んー……いくら非常識ご主人様の傍にいるからって、自分だけは常識人だと思っていた手前なんとも悲しいものだ。

しかーし、ここで私はへこたれる女じゃない。
此処が夢の中だって言うのなら何をしようが私の勝手であり、それもすぐに忘れるということだ。
ならば私が常に望んでいたこととは――――。


「どう思います!? いたいけな女性をオブリビオンの中まで誘拐して探検ごっこするって! 馬鹿ですよね!?」

「その、だな……」

「分かってます、わかってますよミルナさん! 女性としてそんな男には天罰を与えるべきですよね!? っていうか人間として天罰を与えるべきです!」


愚痴らせてくれ。
これが今の私が願うたった一つのことだった。
いやだってさ、もう私の苦労を感じてくれる人っていないのよ?
隣のアグメットさんは元々頭痛持ちで相談なんかできないし、ガンダーなんて聞き流す程度だし、ヤラクさんにはそんなことできないし。
あれ? 私ってあんまり知り合いいないの? ……へこむわぁ。

だったらこの夢の中でくらい愚痴らせてくれたっていいよね?
ていうか夢の世界だって理解できるのって珍しいい気がする。普通だったら目が覚めてからあれは夢だったって気づくもの。
ということは夢の中にまで求めるくらい私は愚痴る場所を求めていたってわけだ! そうに違いない。
だったら目の前で笑うミルナさんが包容力100%配合の綺麗なおねえさんになるのも納得だ。

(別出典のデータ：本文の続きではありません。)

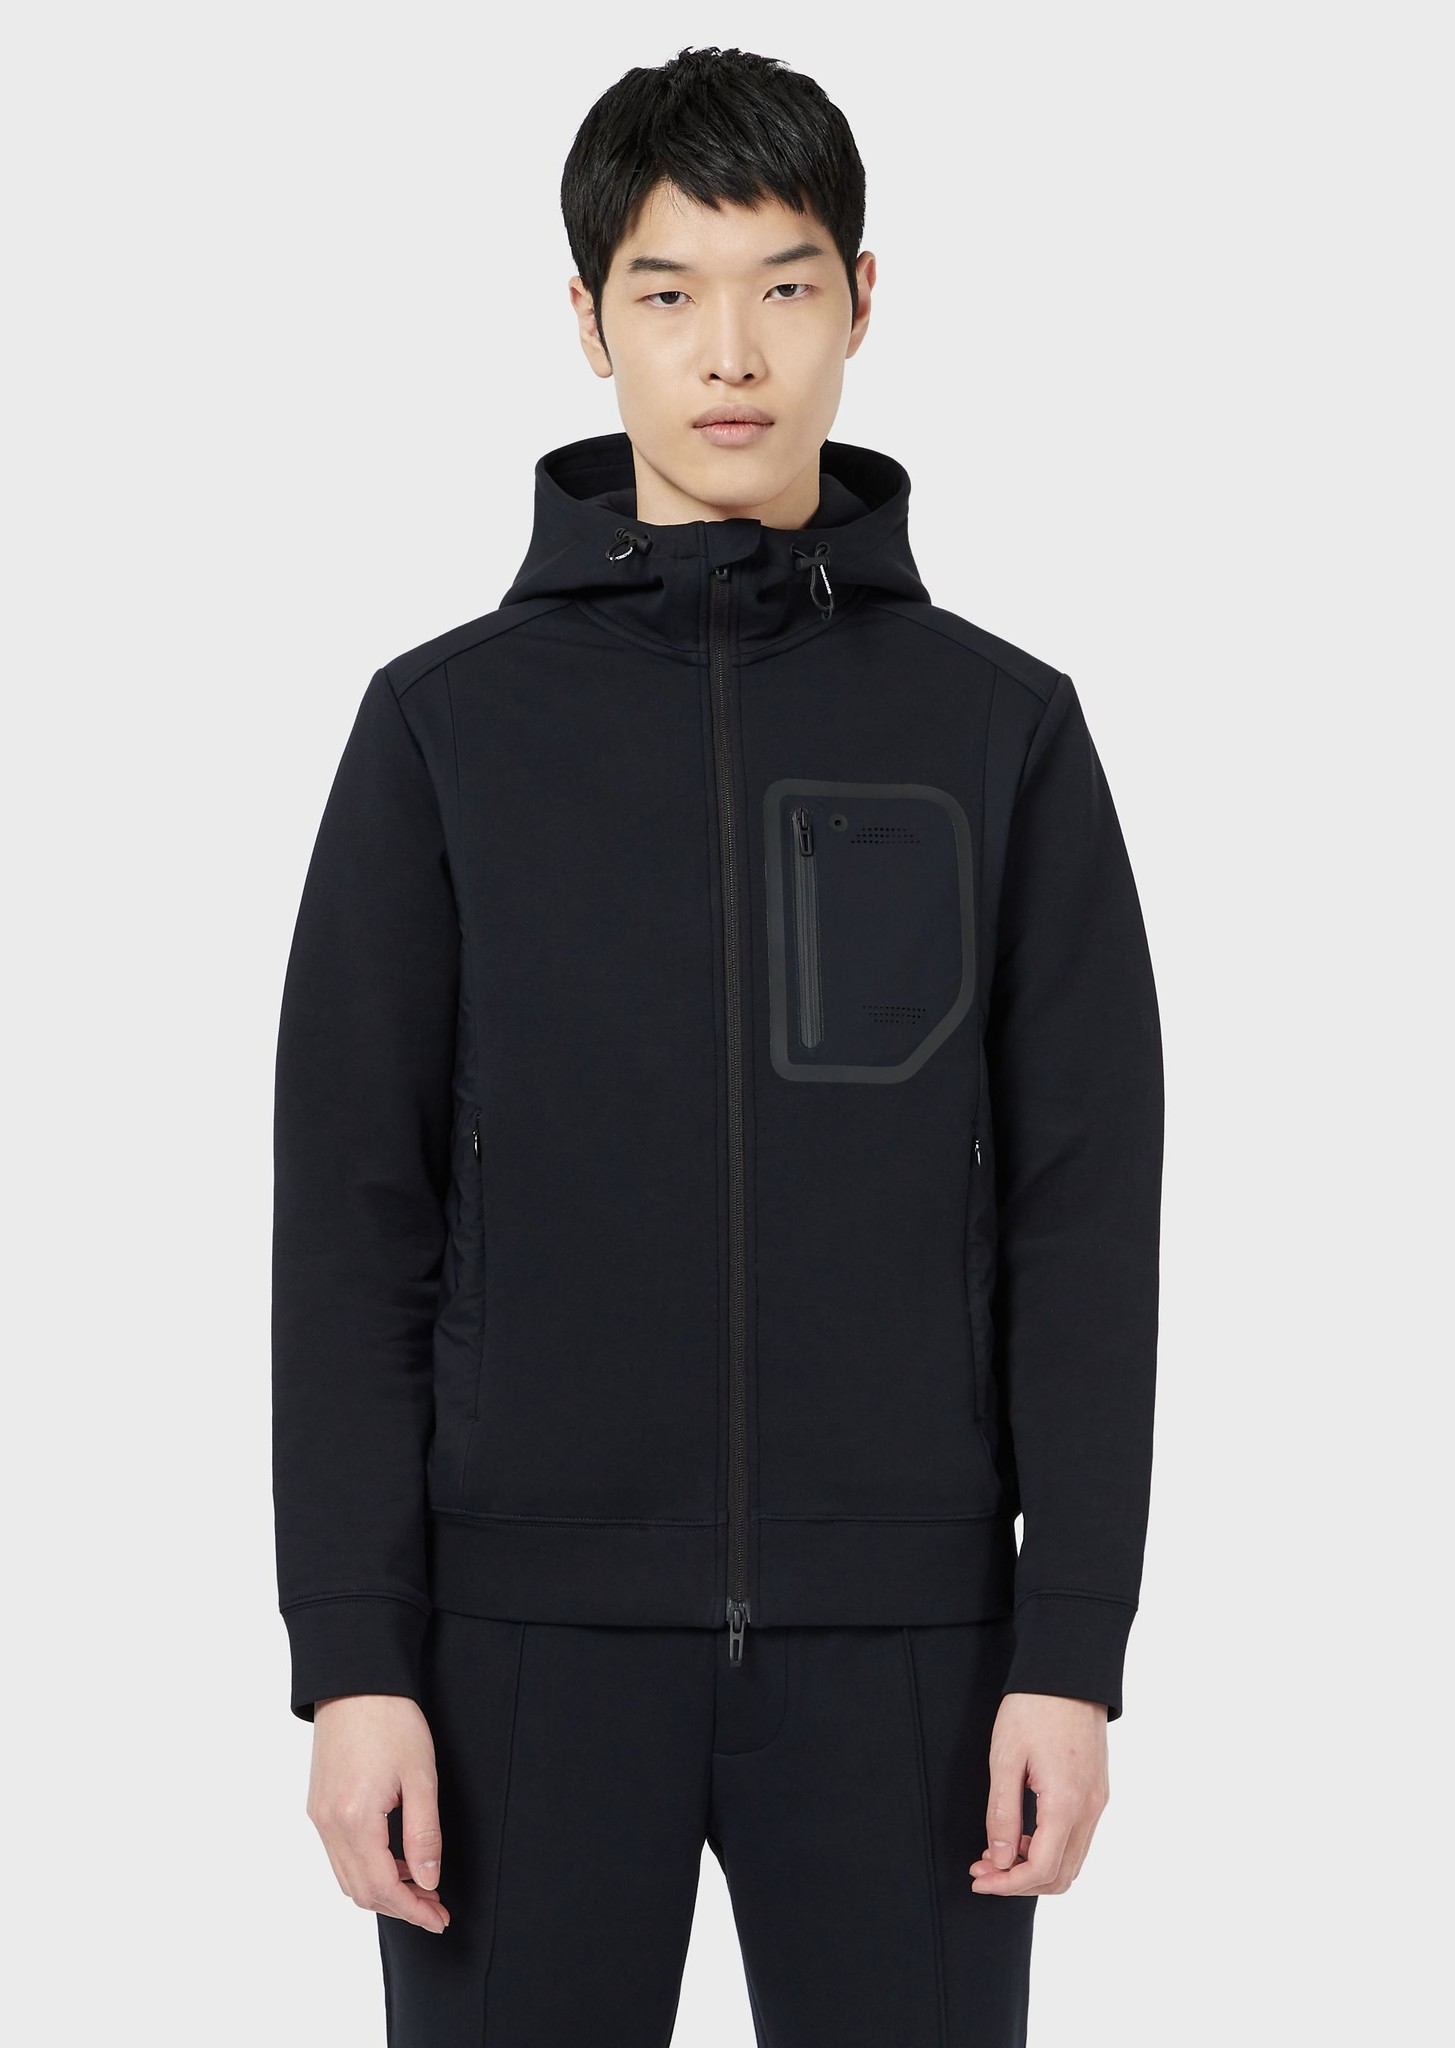 Travel Essentials Hooded Sweatshirt-2

「ううぅ……ミルナさぁん……ミルナさんだけが私の味方です……」

「……というよりもこの世界が我の世界でな……」


もう何言ってるかわかりませんけど、今だけは泣かせてください。
あぁ、ミルナさんあったかいわぁ……腰に抱きついた私をミルナさんは愛でる様にして柔らかく撫でてくれる。
なんで此処がいつかは覚めてしまう夢の中なのか残念すぎる。
でもまたこんな夢がまた見れたら私も頑張れるかもしれない。
夢の世界を愚痴り部屋にするってのもあれだけど。


「む……少女よ。そろそろお前の世界に帰りたまえ」

「……ていうことは一応私も生きてるんですね」


笑顔の陰に残念そうな感情を込めながらミルナさんは呟いた。
正直な話ここが夢の世界っていうのは嘘で実は天国なんじゃないかっていう考えもあったんだけどね。
たぶん私はあの印石を取った後に気絶したんだろうし、それから無事に帰れなかったっていう可能性もなくはない。
本当だったら真っ暗な空間は地獄を連想させるかもしれないけど、私が地獄に行くなんてあり得ないはずだ。
だってこんなに頑張ってるもの。うん、頑張ってるもの。


「また、ミルナさんに会えますか?」

「夢であれ、悪夢であれ、お前が我が庭に訪れる時は祝福しよう」


夢なんだとわかっている癖に、どっかの芝居でもありそうなくさいセリフ。
いや、夢だとわかっているからこそ私は何一つ誤魔化すことなく願った。
不安そうに見上げた私の顔を、その頬を撫でながらやっぱりミルナさんは笑ってくれる。
ミルナさんの手はその笑顔に似合わずびっくりするくらい冷たかったけど、なんだか心地がよかった。


「しかし、お前の主にも困ったものだな」


出てきたのは今は思い出したくないご主人様の話。
いや、別に嫌ってるわけじゃないけど今だけは勘弁して欲しいなぁ。
でも徐々に薄くなっていく視界からは確かに現実からの足音が聞こえてきそうで。
もうちょっとだけって後ろ髪引かれる思いもあるのだけど、まだ無事に生きているっていうのなら私の仕事はご主人様に仕えることには違いない。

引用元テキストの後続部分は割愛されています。